The equilibrium equation of the anisotropy energy has not a complete analytical solution so computer analysis is useful. The interesting aspect regards the simulation of the resulted magnetization curves, analytical or discontinuous with FOMP. By computer it is possible to fit the obtained results by an equivalent anisotropy energy expression:^[3]

$${\displaystyle {\displaystyle E_A=K_1^{*}{\sin }^2\theta +K_2^{*}{\sin }^4\theta +K_3^{*}{\sin }^6\theta }}$$

where:

• ${\displaystyle K_1^{*},K_2^{*},K_3^{*}}$ are the equivalent anisotropy constants up to six order
• ${\displaystyle \theta }$ is the angle between the magnetization and the easy c-axis

So starting from a forth order anisotropy energy expression we obtain an equivalent expression of sixth order, that is higher anisotropy constant can be derived from the competing anisotropy of different sublattices.

The problem for cubic crystal system has been approached by Bozorth,^[4] and partial results have been obtained by different authors,^[5][6][7] but exact complete phase diagrams with anisotropy contributions up to sixth and eighth order have only been determined more recently.^[8]

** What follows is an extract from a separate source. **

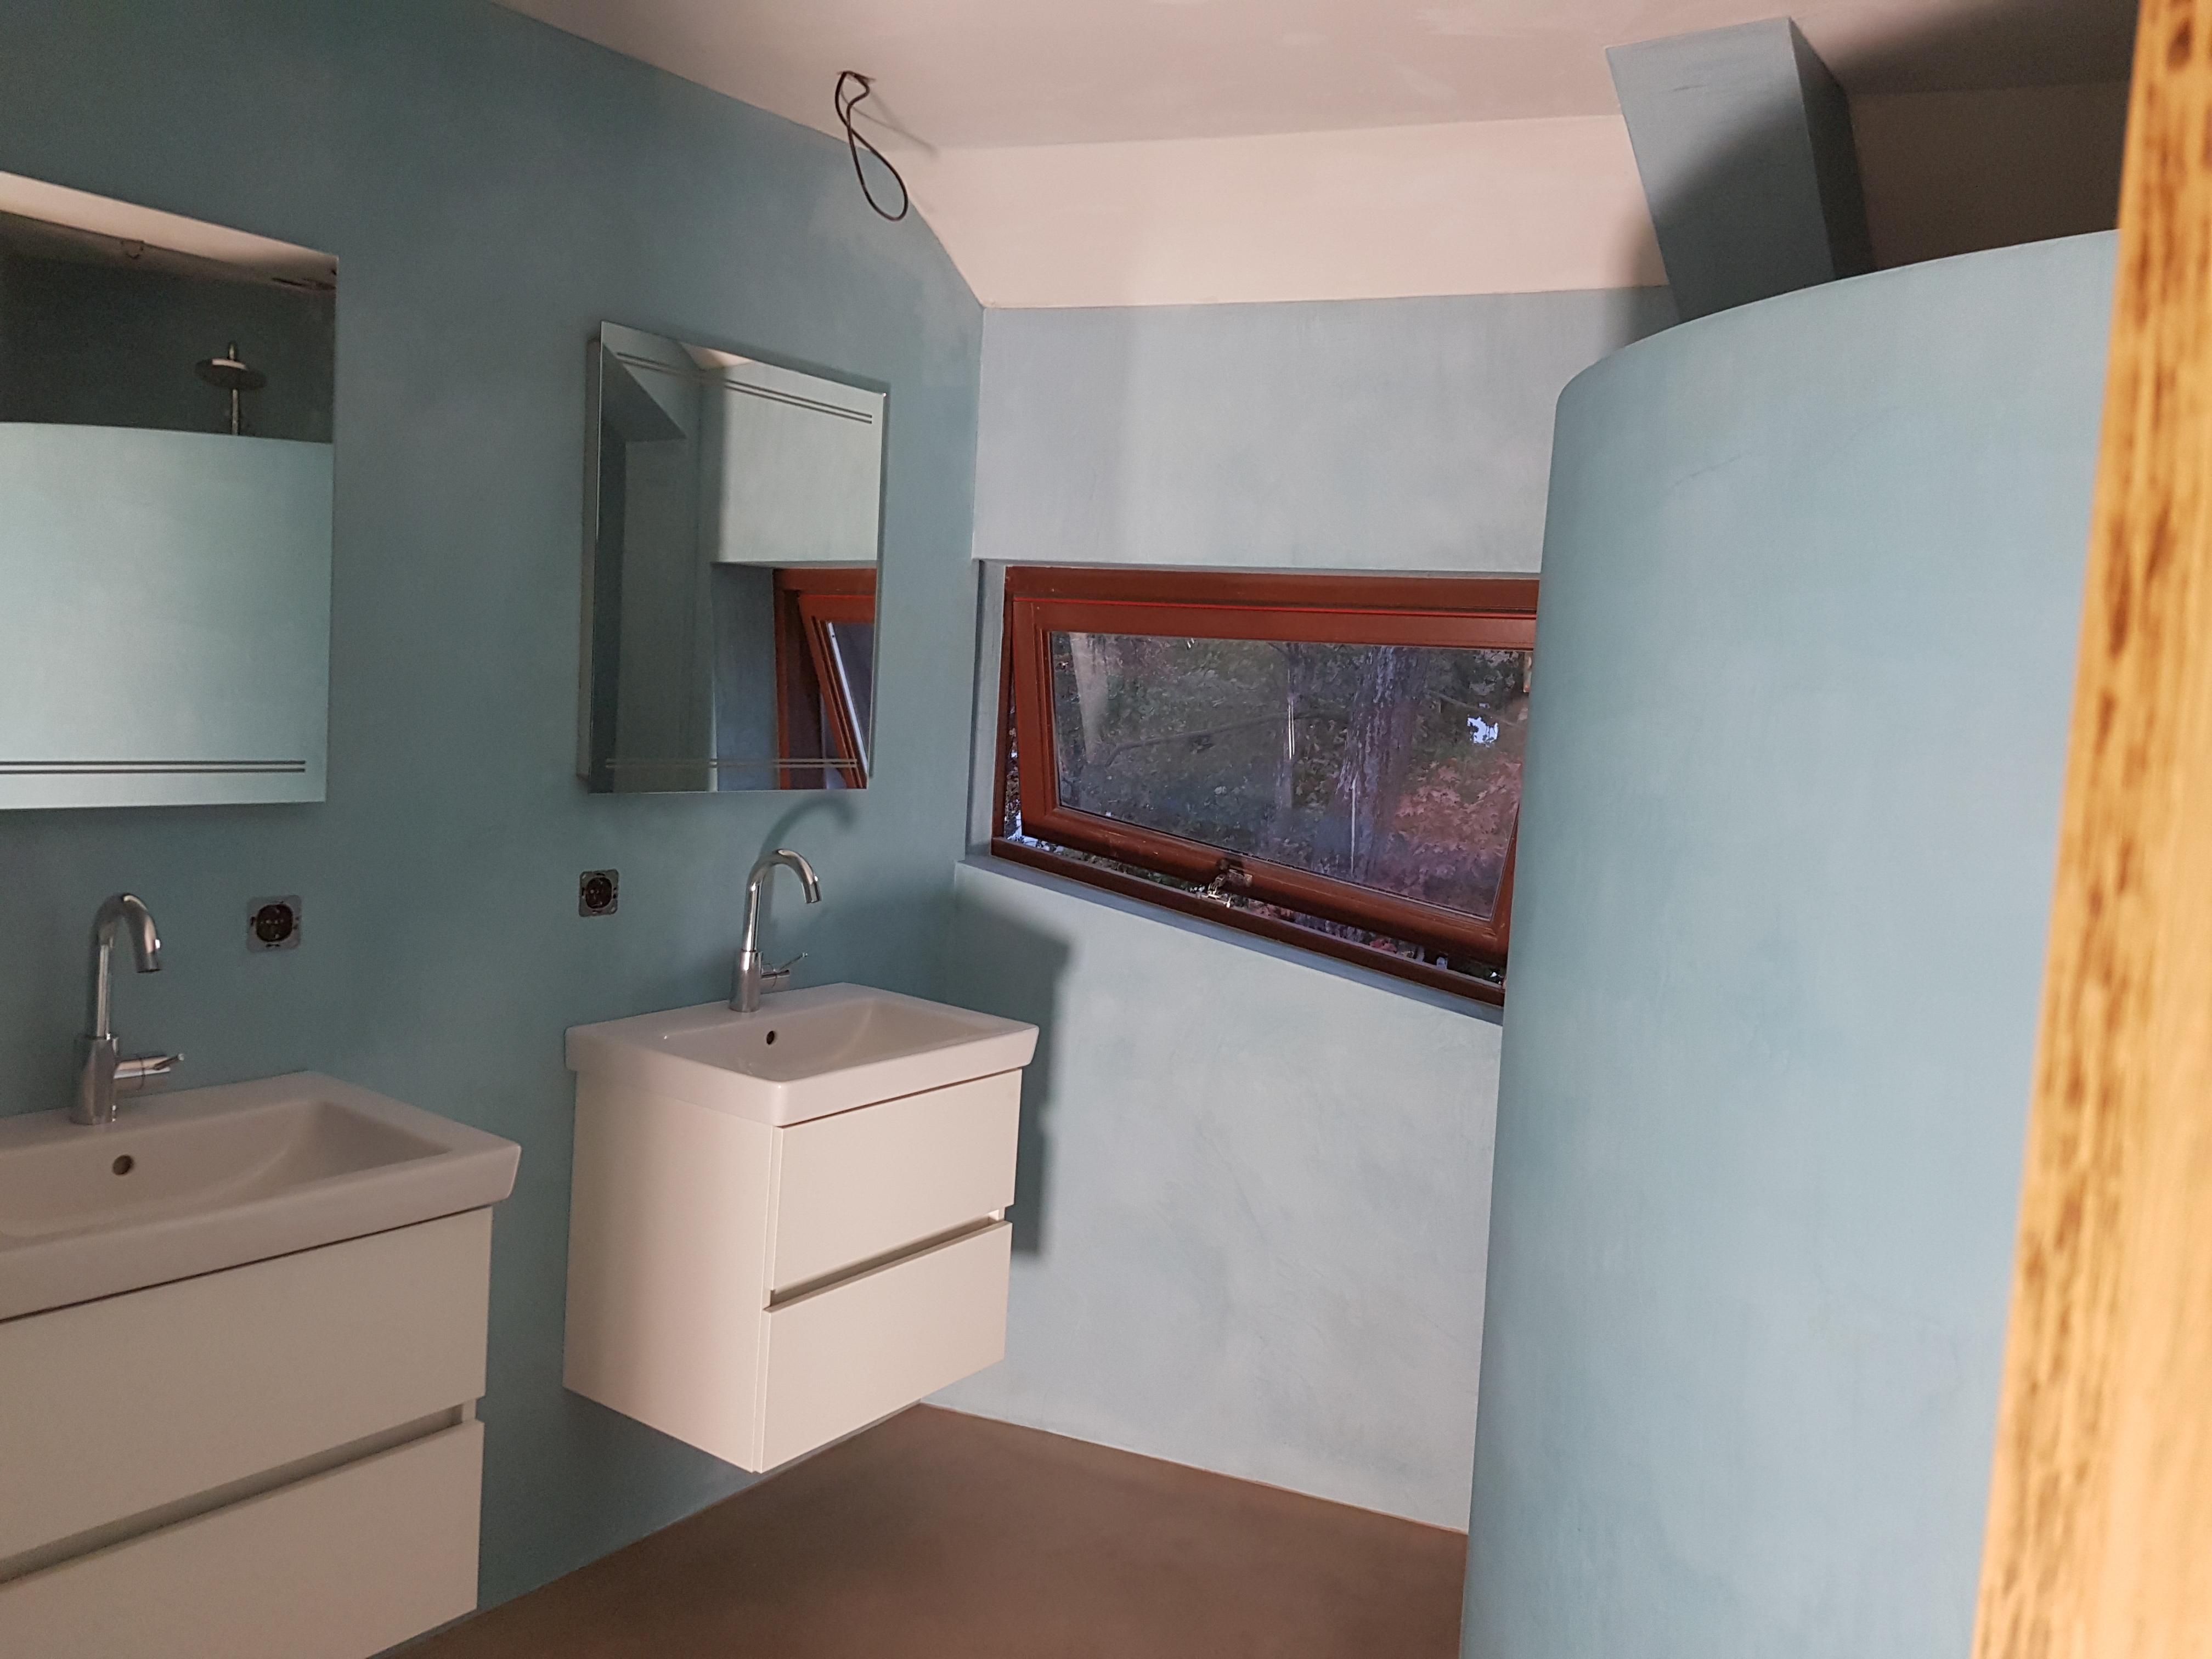 Beton Cire Waterdicht : Houten vloer badkamer waterdicht maken unique beton cire badkamer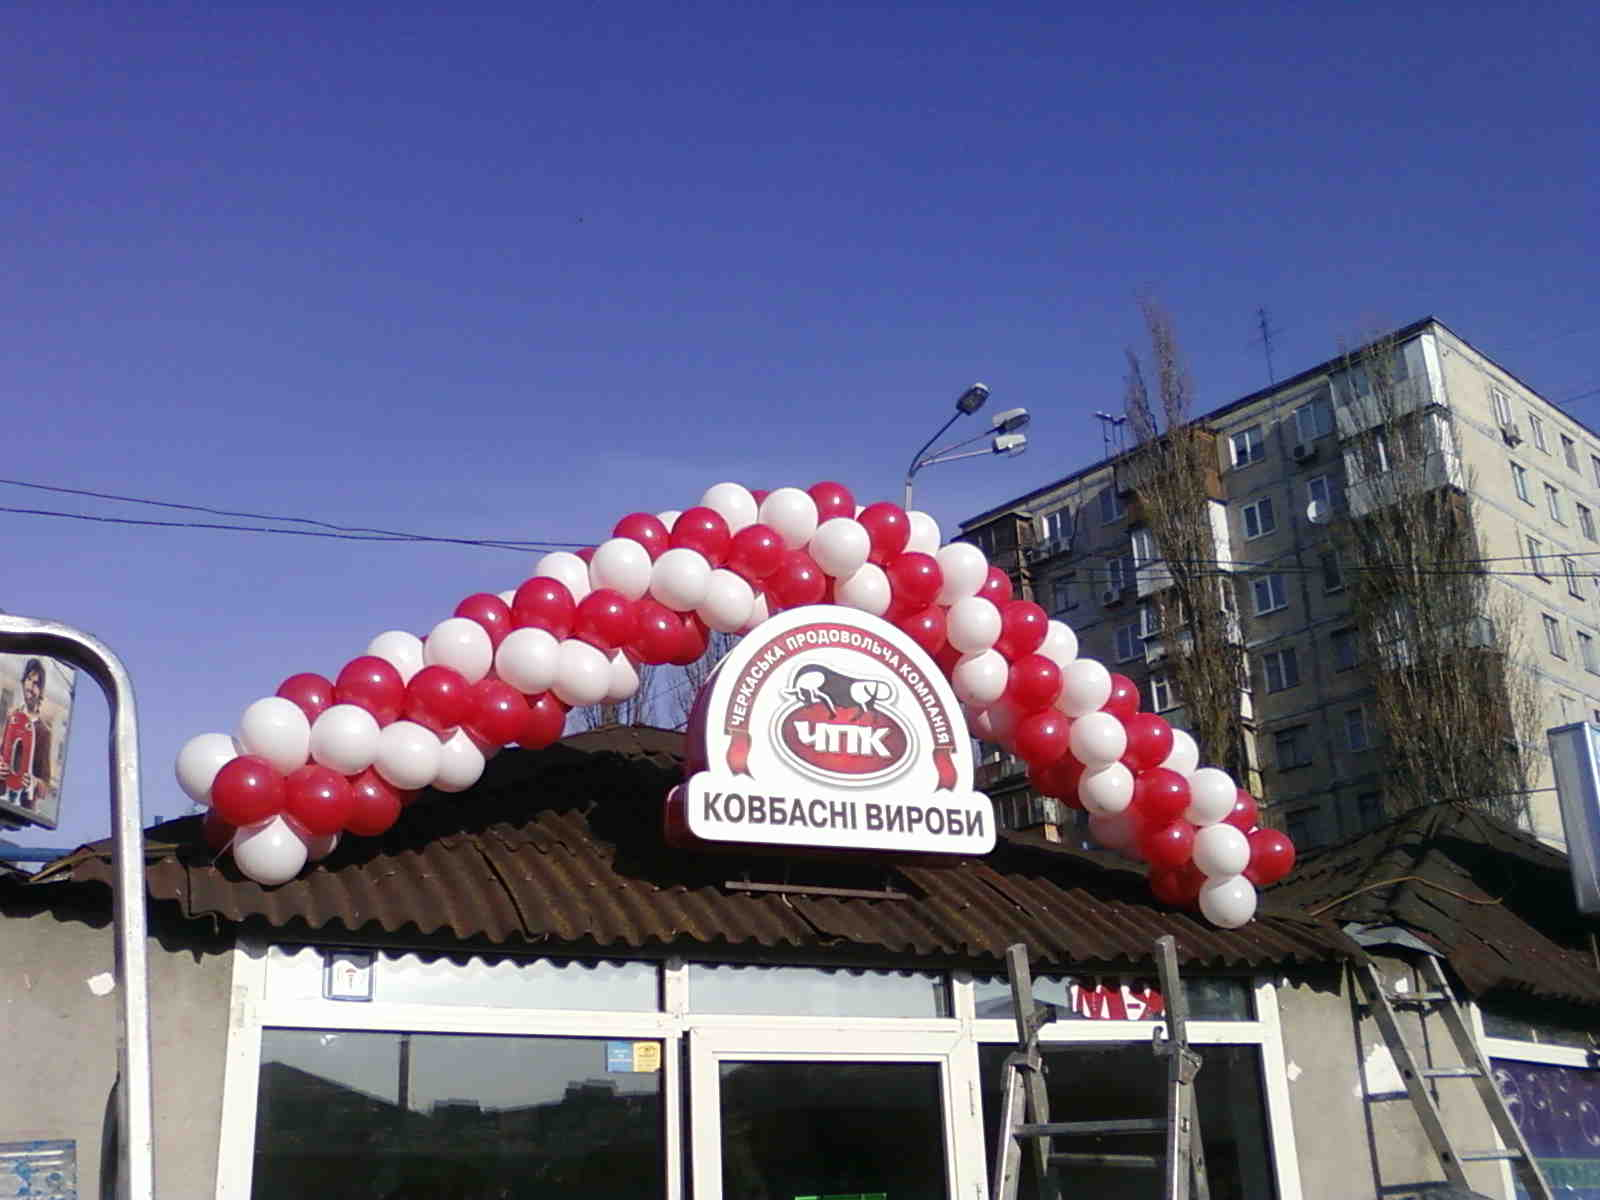 Открытие магазина. Оформление шарами фасада магазина

The FOMP in the trigonal crystal system has been analyzed for case of the anisotropy energy expression up to forth order: $${\displaystyle {\displaystyle E_A=K_1{\sin }^2\theta +K_2{\sin }^4\theta +K_t{\sin }^3\theta \cos \theta \sin 3\varphi }}$$ where ${\displaystyle \theta }$ and ${\displaystyle \varphi }$ are the polar angles of the magnetization vector with respect to c-axis. The study of the energy derivatives allows the determination of the magnetic phase and the FOMP-phase as in the hexagonal case, see the reference for the diagrams.^[2]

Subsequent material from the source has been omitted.